Example using polynomials in Chebyshev basis, for polynomials in range [-1, 1]:

x = np.linspace(-1, 1, 2000)
rng = np.random.default_rng()
y = np.cos(x) + 0.3*rng.random(2000)
p = np.polynomial.Chebyshev.fit(x, y, 90)

plt.plot(x, y, 'r.')
plt.plot(x, p(x), 'k-', lw=3)

[<matplotlib.lines.Line2D at 0x10cab3860>]

../../_images/f238fa566b18fa6238301051f2ec7ea703e30ed6e7d3066940a603131e4a28c6.png

The Chebyshev polynomials have some advantages in interpolation.

Loading data files#

Text files#

Example: populations.txt.

data = np.loadtxt('data/populations.txt')
data

array([[ 1900., 30000.,  4000., 48300.],
       [ 1901., 47200.,  6100., 48200.],
       [ 1902., 70200.,  9800., 41500.],
       [ 1903., 77400., 35200., 38200.],
       [ 1904., 36300., 59400., 40600.],
       [ 1905., 20600., 41700., 39800.],
       [ 1906., 18100., 19000., 38600.],
       [ 1907., 21400., 13000., 42300.],
       [ 1908., 22000.,  8300., 44500.],
       [ 1909., 25400.,  9100., 42100.],
       [ 1910., 27100.,  7400., 46000.],
       [ 1911., 40300.,  8000., 46800.],
       [ 1912., 57000., 12300., 43800.],
       [ 1913., 76600., 19500., 40900.],
       [ 1914., 52300., 45700., 39400.],
       [ 1915., 19500., 51100., 39000.],
       [ 1916., 11200., 29700., 36700.],
       [ 1917.,  7600., 15800., 41800.],
       [ 1918., 14600.,  9700., 43300.],
       [ 1919., 16200., 10100., 41300.],
       [ 1920., 24700.,  8600., 47300.]])

np.savetxt('pop2.txt', data)
data2 = np.loadtxt('pop2.txt')

Note

If you have a complicated text file, what you can try are:

np.genfromtxt
Using Python’s I/O functions and e.g. regexps for parsing (Python is quite well suited for this)

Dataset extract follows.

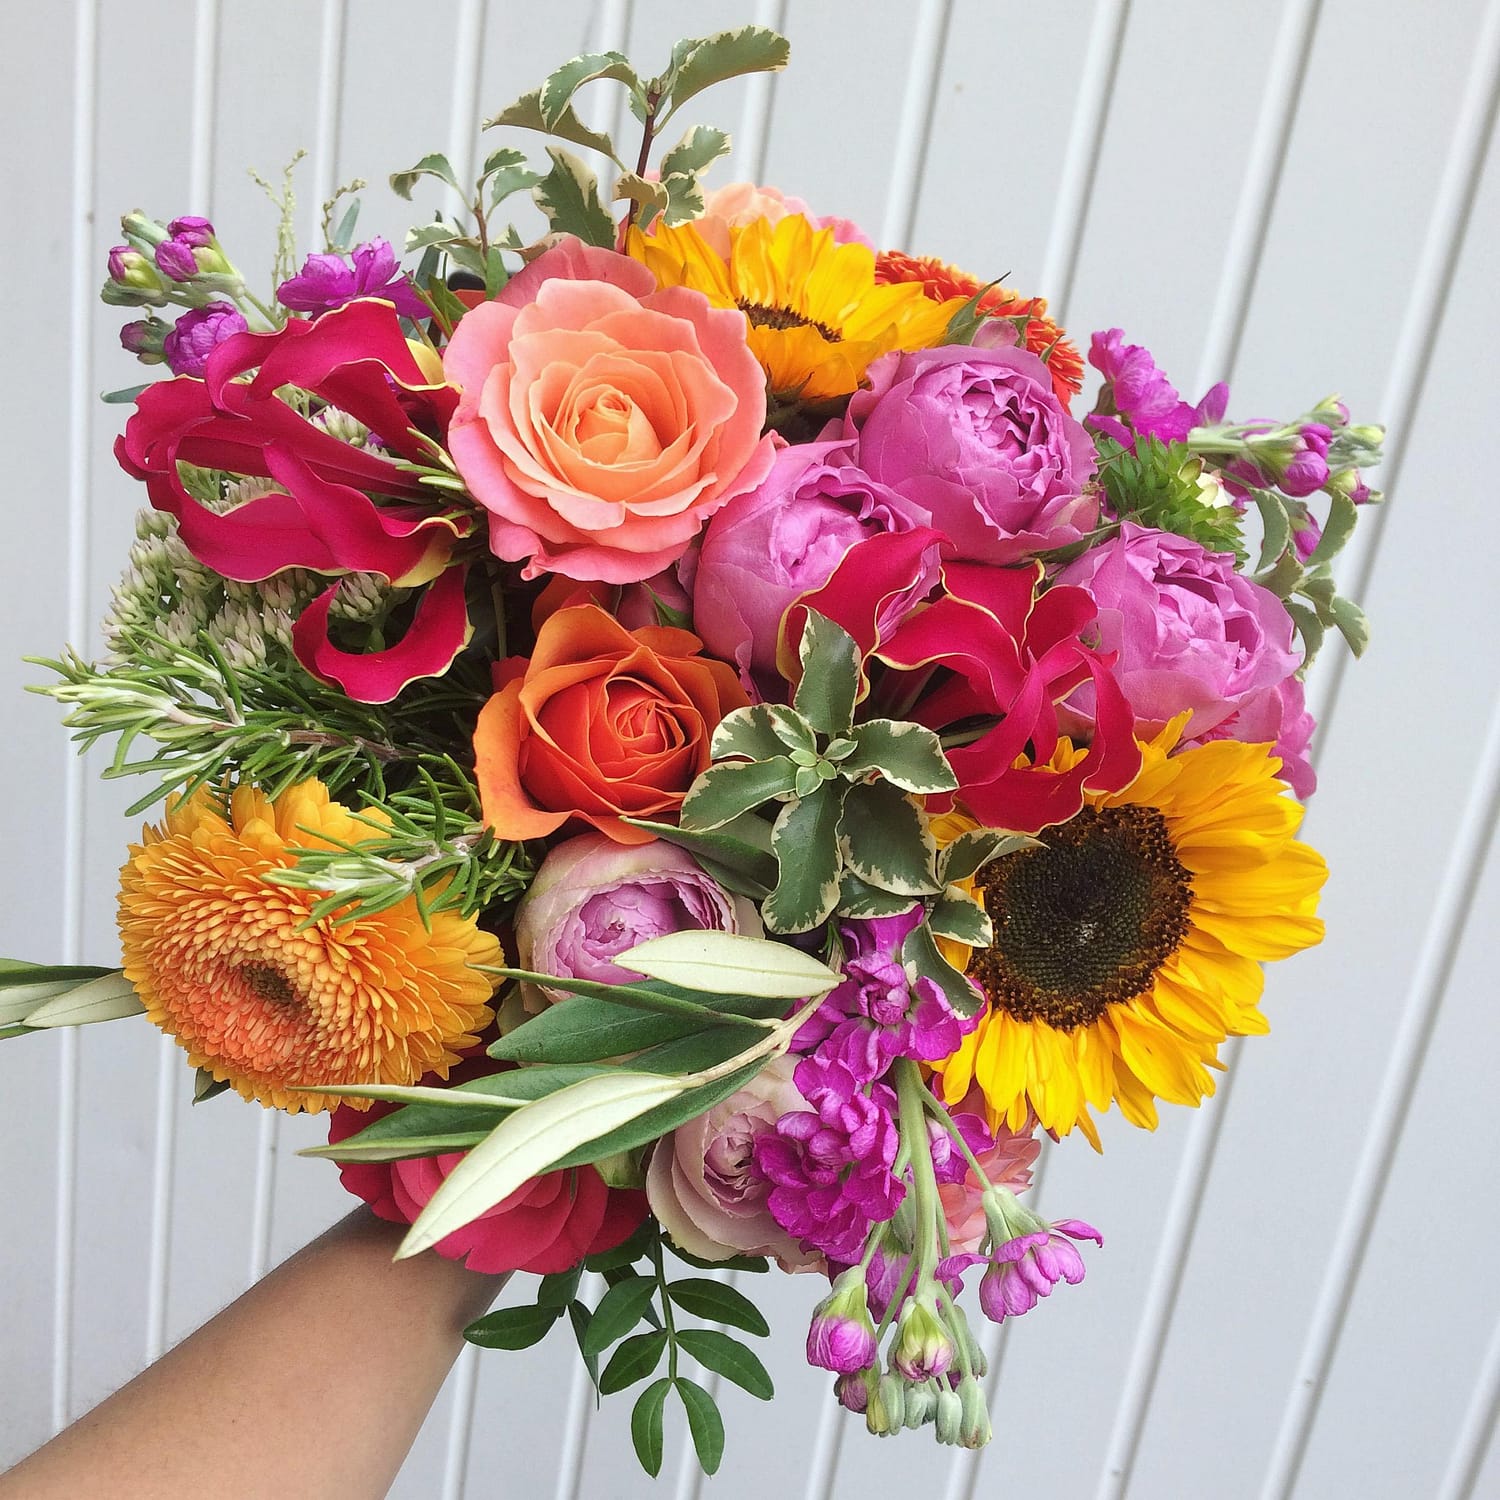 hot cerise pink and yellow bridal bouquet with sunflowers
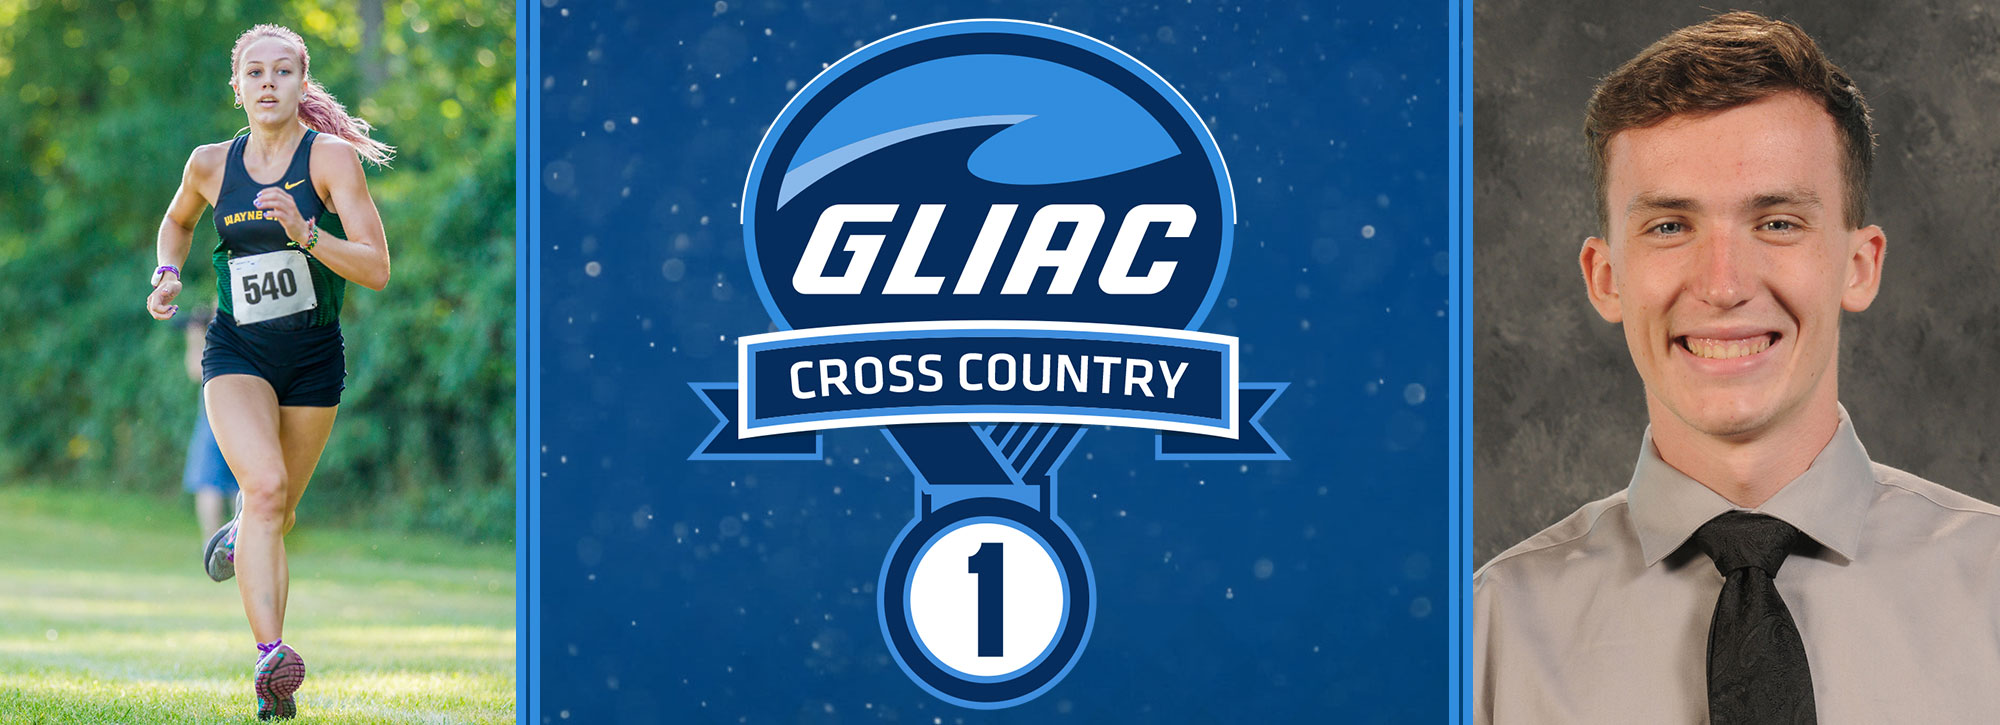 Wayne State's Byrnes & Defrain Sweep GLIAC Cross Country Athlete of the Week Accolades

Reminder: Navigating the filesystem with Jupyter and IPython#

Show current directory:

pwd

'/Volumes/zorg/mb312/dev_trees/scientific-python-lectures/intro/numpy'

Change to data subdirectory:

cd data

/Volumes/zorg/mb312/dev_trees/scientific-python-lectures/data

Show filesystem listing for current directory:

ls

an_array.txt          organisms.txt         waveform_1.npy
elephant.png          populations.txt       waveform_2.npy
LICENCE.txt           species.txt           women_percentage.txt
moonlanding.png       test.png
MV_HFV_012.jpg*       test.wav

Change back to containing directory.

cd ..

/Volumes/zorg/mb312/dev_trees/scientific-python-lectures

Images#

Using Matplotlib:

img = plt.imread('data/elephant.png')
img.shape, img.dtype

((200, 300, 3), dtype('float32'))

# Plot and save the original figure
plt.imshow(img)
plt.savefig('plot.png')

../../_images/d4bb281dcc1c842062bde9ac50ade9b9bc703427e8165756911490ed68152649.png

# Plot and save the red channel of the image.
plt.imsave('red_elephant.png', img[:,:,0], cmap=plt.cm.gray)

This saved only one channel (of RGB):

plt.imshow(plt.imread('red_elephant.png'))

<matplotlib.image.AxesImage at 0x10cc0da60>

../../_images/9a7ea7bd2ddc2f3862b66d6f33143247c9fd193375dd2d72113094a5d3d7c63d.png

Other libraries:

import imageio.v3 as iio

# Lower resolution (every sixth pixel in each dimension).
iio.imwrite('tiny_elephant.png', (img[::6,::6] * 255).astype(np.uint8))
plt.imshow(plt.imread('tiny_elephant.png'), interpolation='nearest')

<matplotlib.image.AxesImage at 0x10cbf9820>

../../_images/74b851382146b1575d81a847692f69a520c64baf71e6351d13788fa913909840.png

NumPy’s own format#

NumPy has its own binary format, not portable but with efficient I/O:

data = np.ones((3, 3))
np.save('pop.npy', data)
data3 = np.load('pop.npy')

Well-known (& more obscure) file formats#

HDF5: h5py, PyTables
NetCDF: scipy.io.netcdf_file, netcdf4-python, …
Matlab: scipy.io.loadmat, scipy.io.savemat
MatrixMarket: scipy.io.mmread, scipy.io.mmwrite
IDL: scipy.io.readsav

… if somebody uses it, there’s probably also a Python library for it.

Exercise 21

Write code that loads data from populations.txt: and drops the last column and the first 5 rows. Save the smaller dataset to pop2.txt.

Solution to Exercise 21

data = np.loadtxt("data/populations.txt")
reduced_data = data[5:, :-1]
np.savetxt("pop2.txt", reduced_data)

NumPy internals

If you are interested in the NumPy internals, there is a good discussion in Advanced NumPy.